***** Supplied information

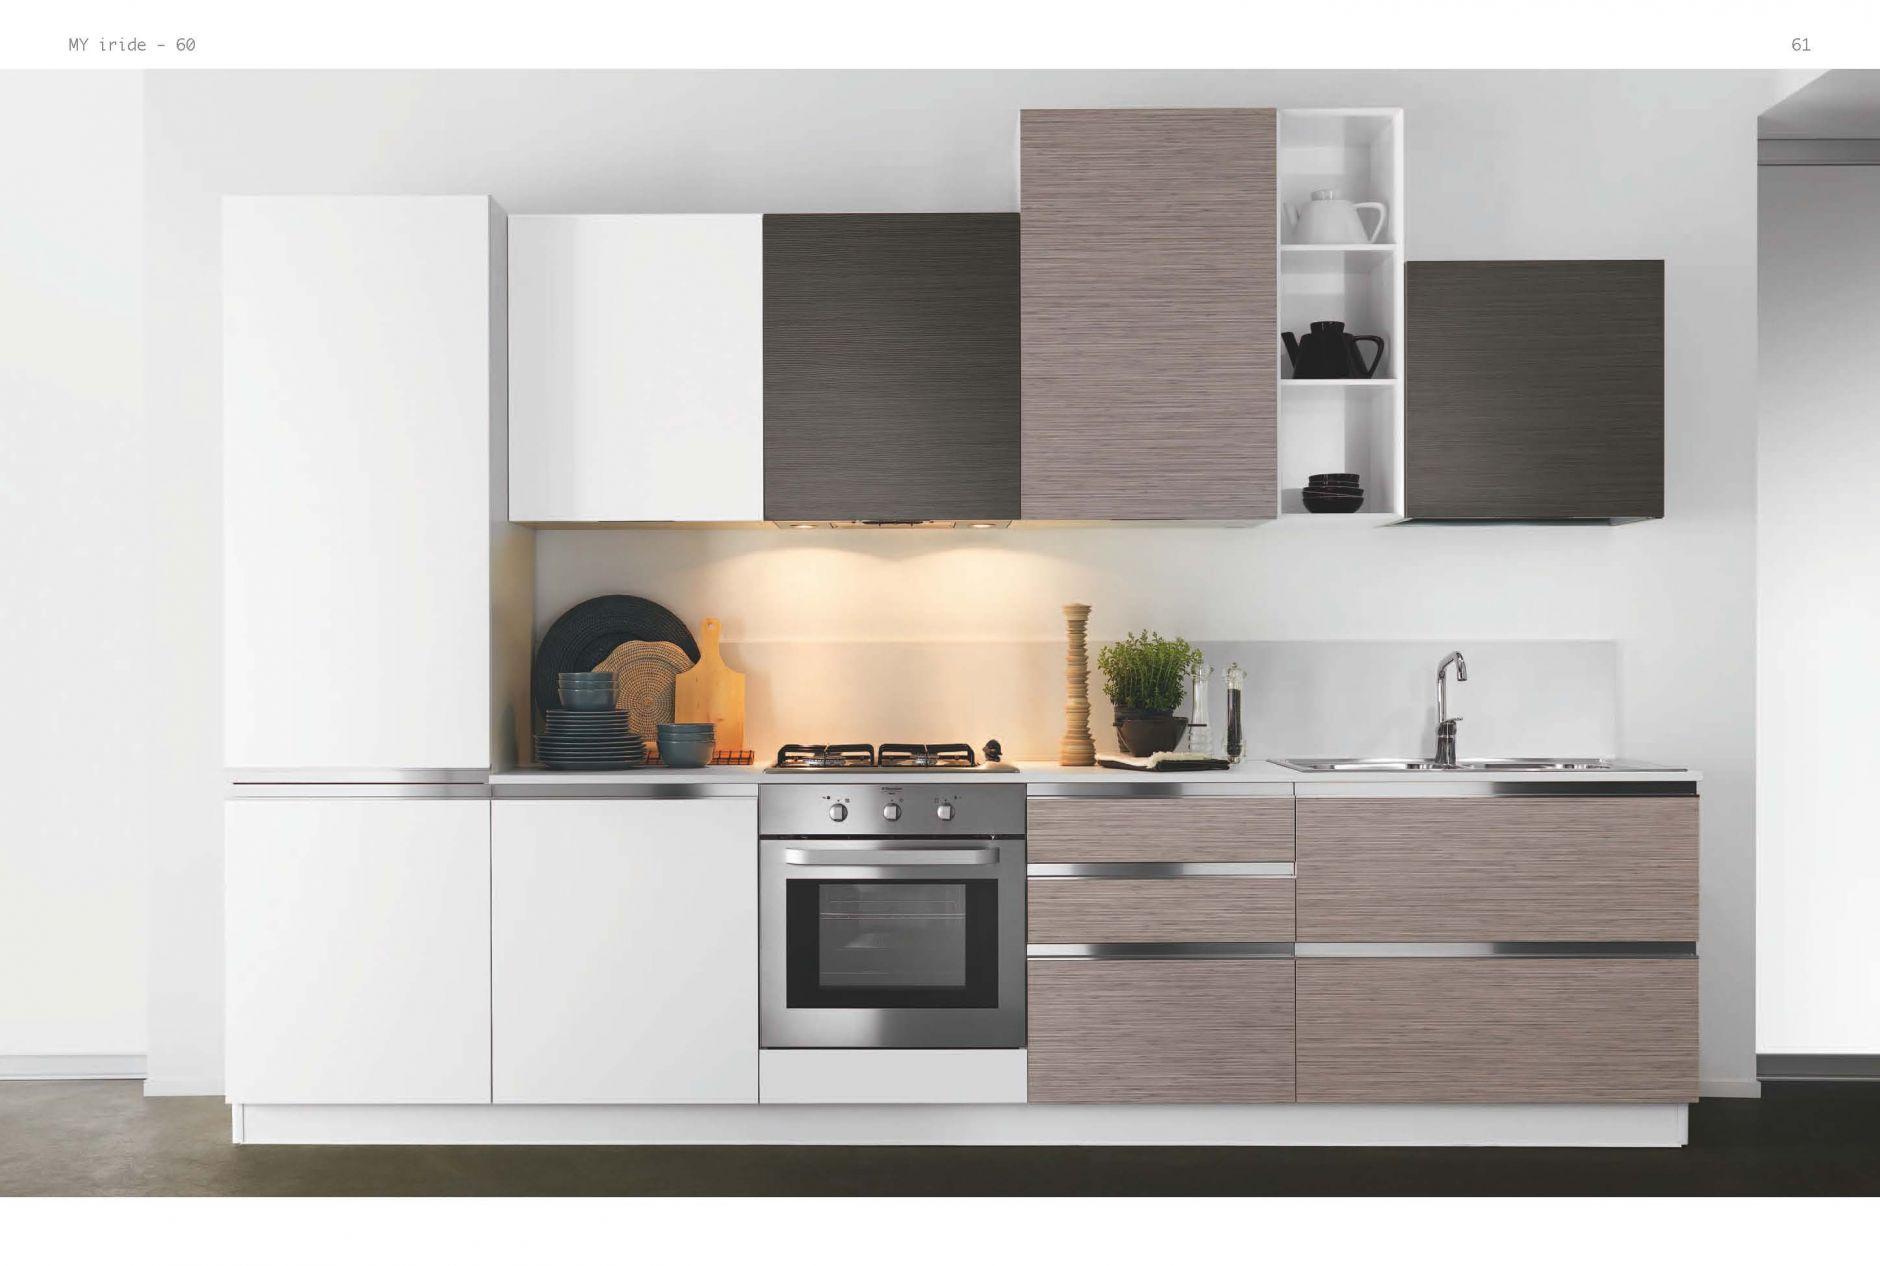 k chen k chen serie iridedie m bel aus italien. Black Bedroom Furniture Sets. Home Design Ideas
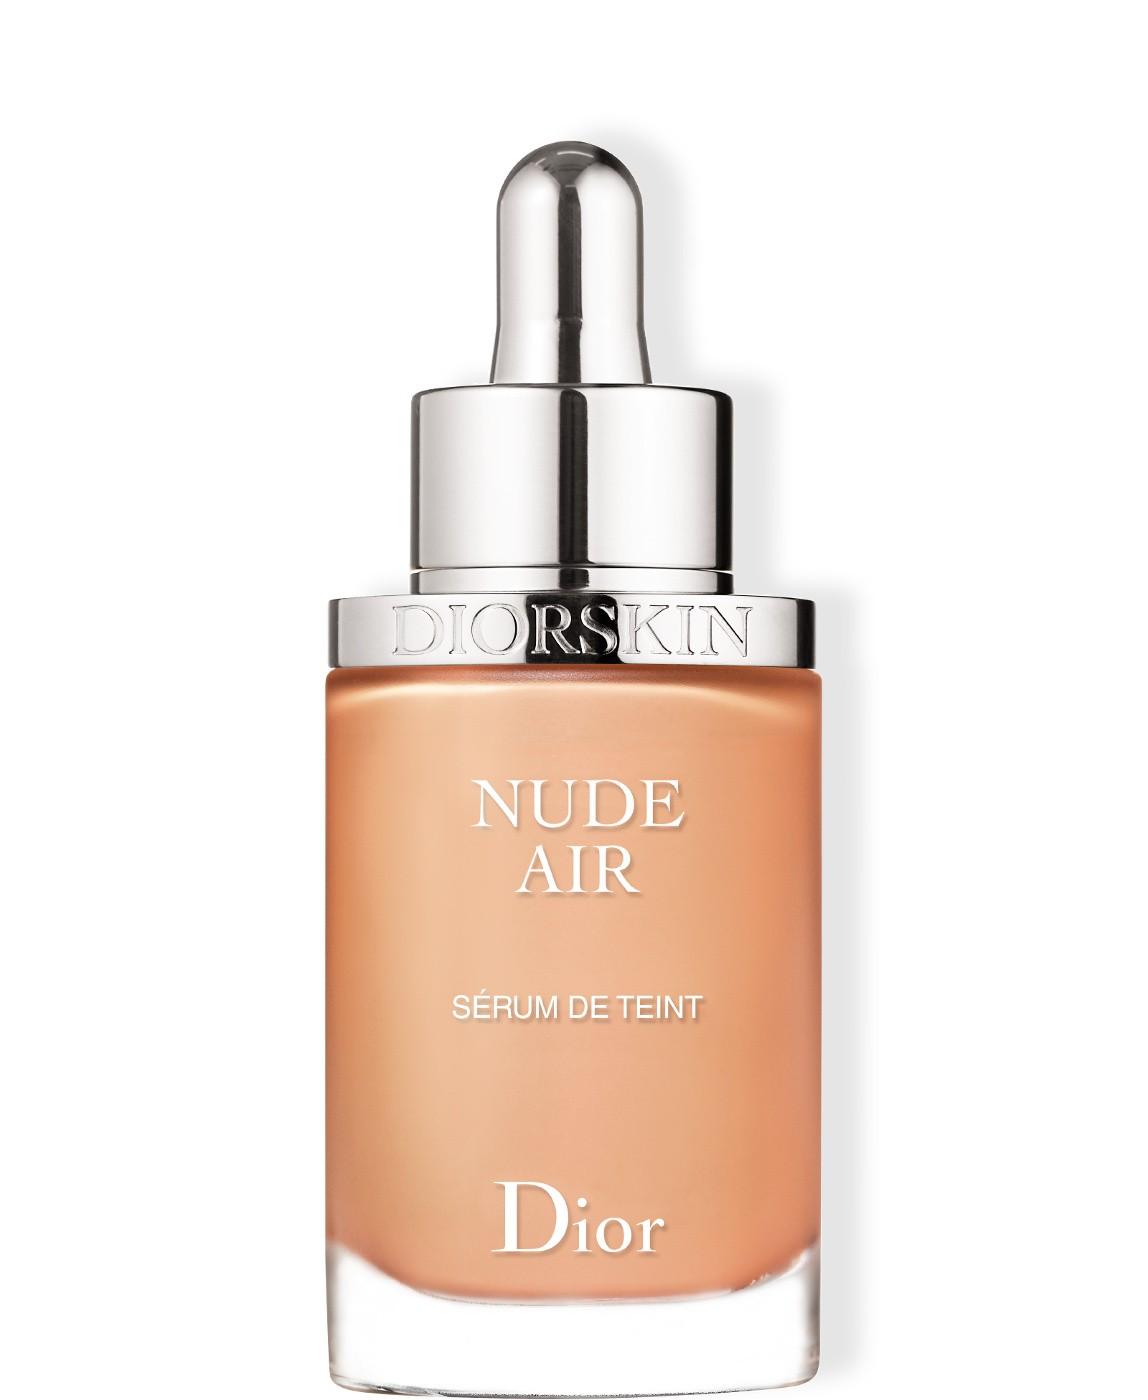 Dior NUDE AIR serum foundation #030-beige moyen | Women's
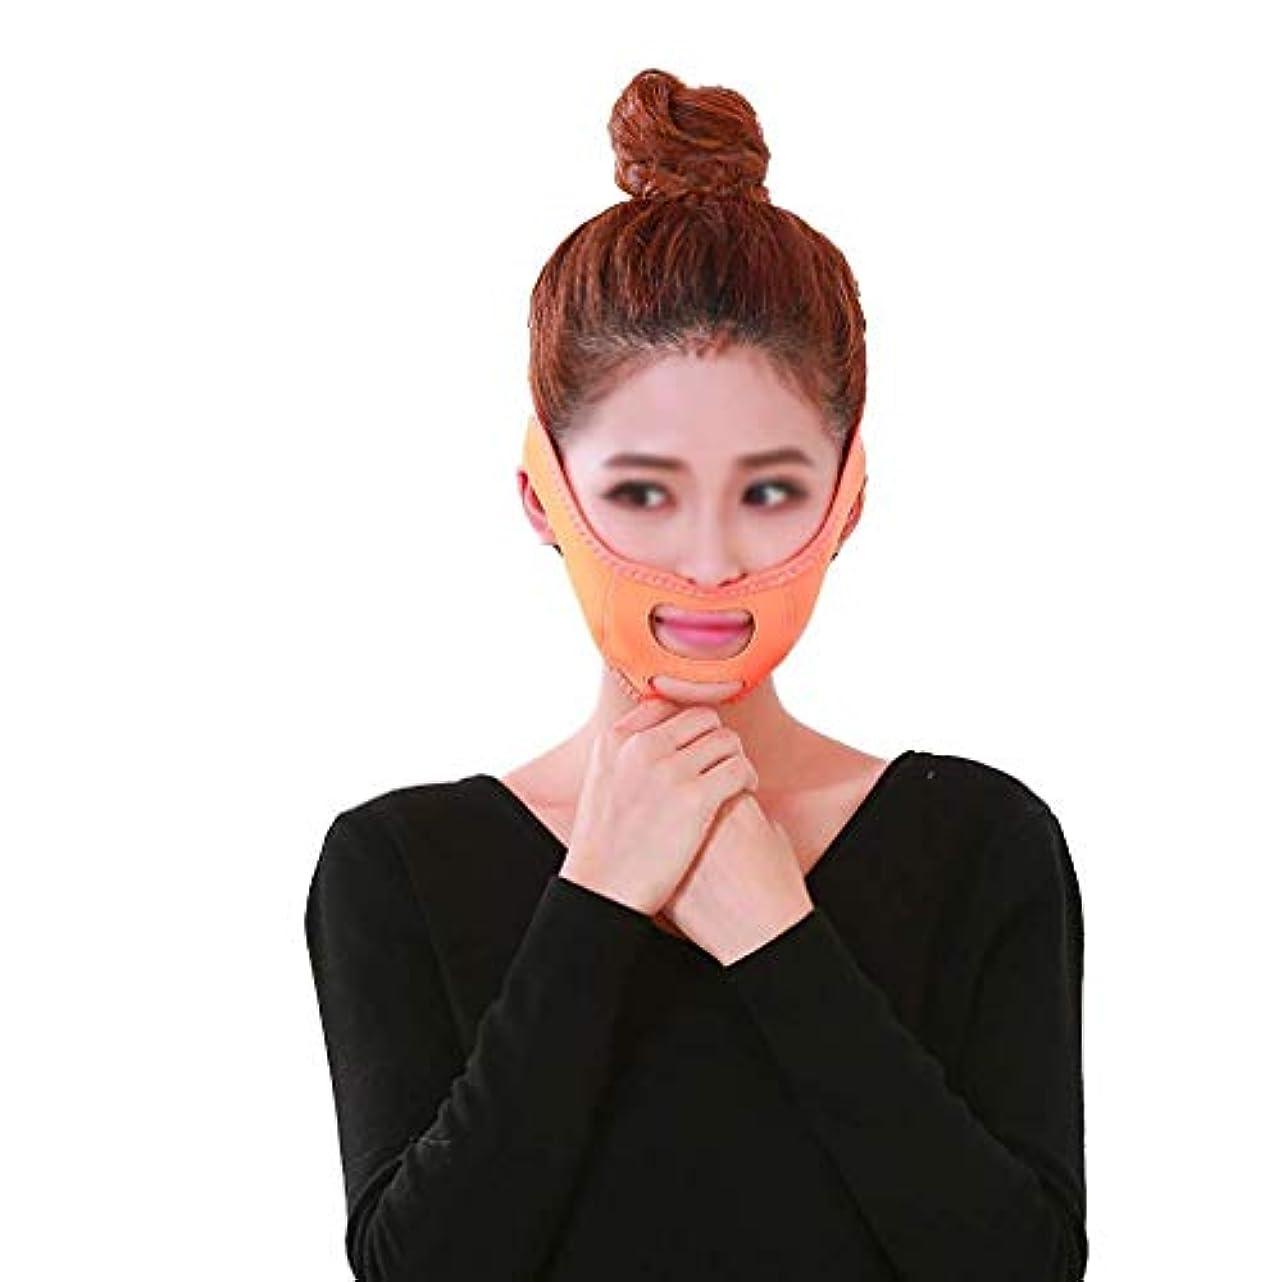 クレーン部分的に精査フェイスリフトフェイシャル、肌のリラクゼーションを防ぐタイトなVフェイスマスクVフェイスアーティファクトフェイスリフトバンデージフェイスケア(色:オレンジ)
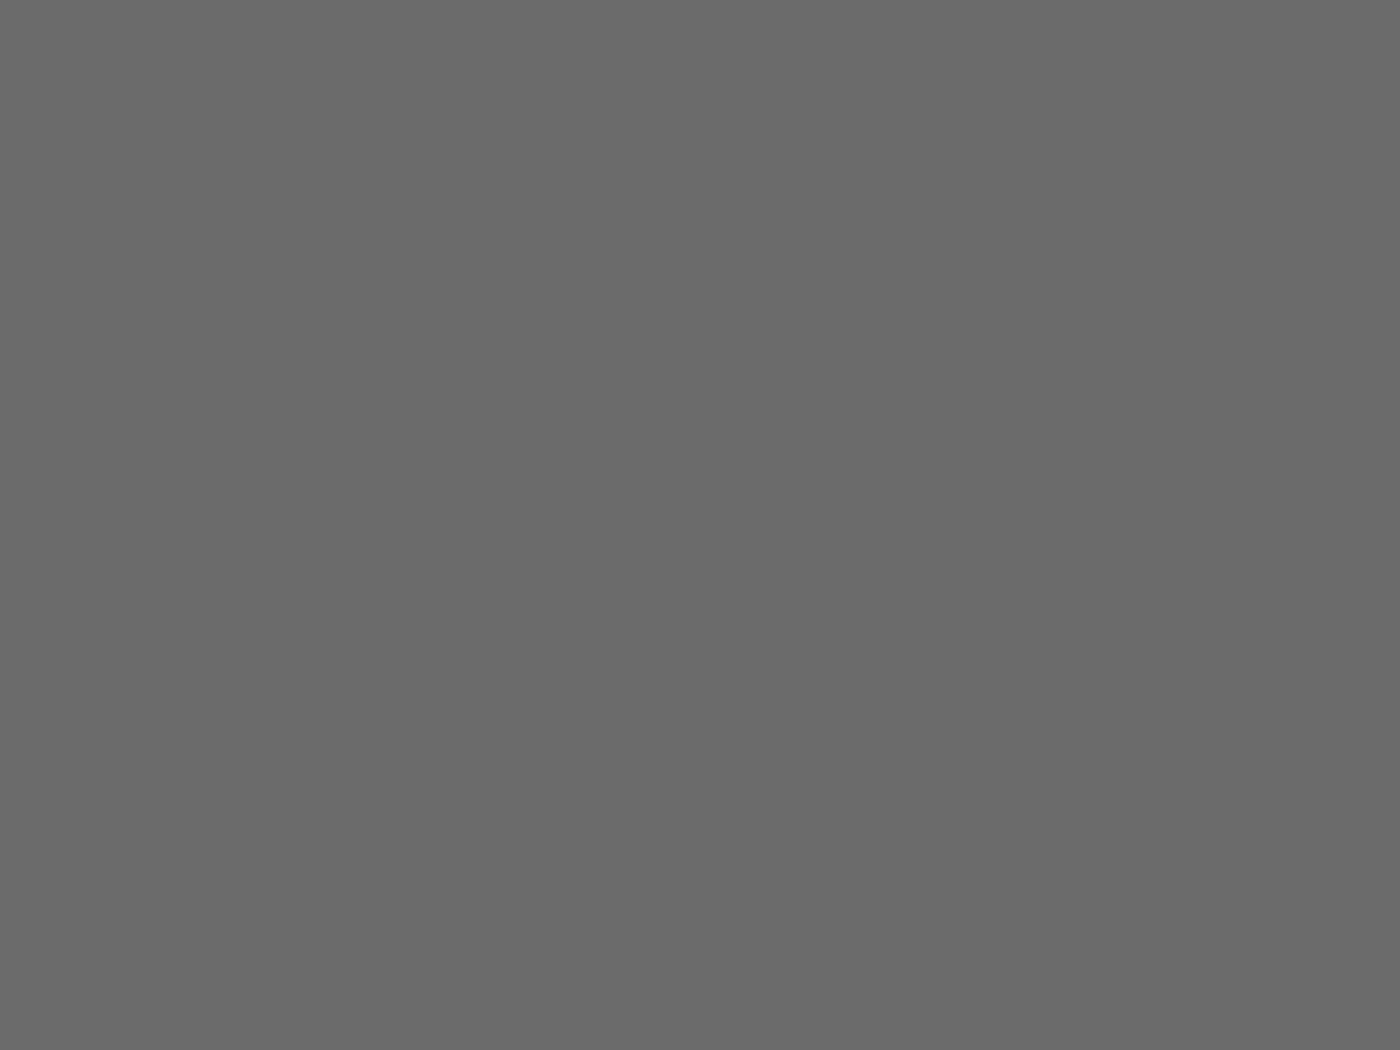 Solid Gray Wallpaper - WallpaperSafari

**********

Assignment> The material above holds pictures; copy everything else in it exactly.

Expected answer>
 k chen k chen serie iridedie m bel aus italien. Black Bedroom Furniture Sets. Home Design Ideas
 Dior NUDE AIR serum foundation #030-beige moyen | Women's
 クレーン部分的に精査フェイスリフトフェイシャル、肌のリラクゼーションを防ぐタイトなVフェイスマスクVフェイスアーティファクトフェイスリフトバンデージフェイスケア(色:オレンジ)
 Solid Gray Wallpaper - WallpaperSafari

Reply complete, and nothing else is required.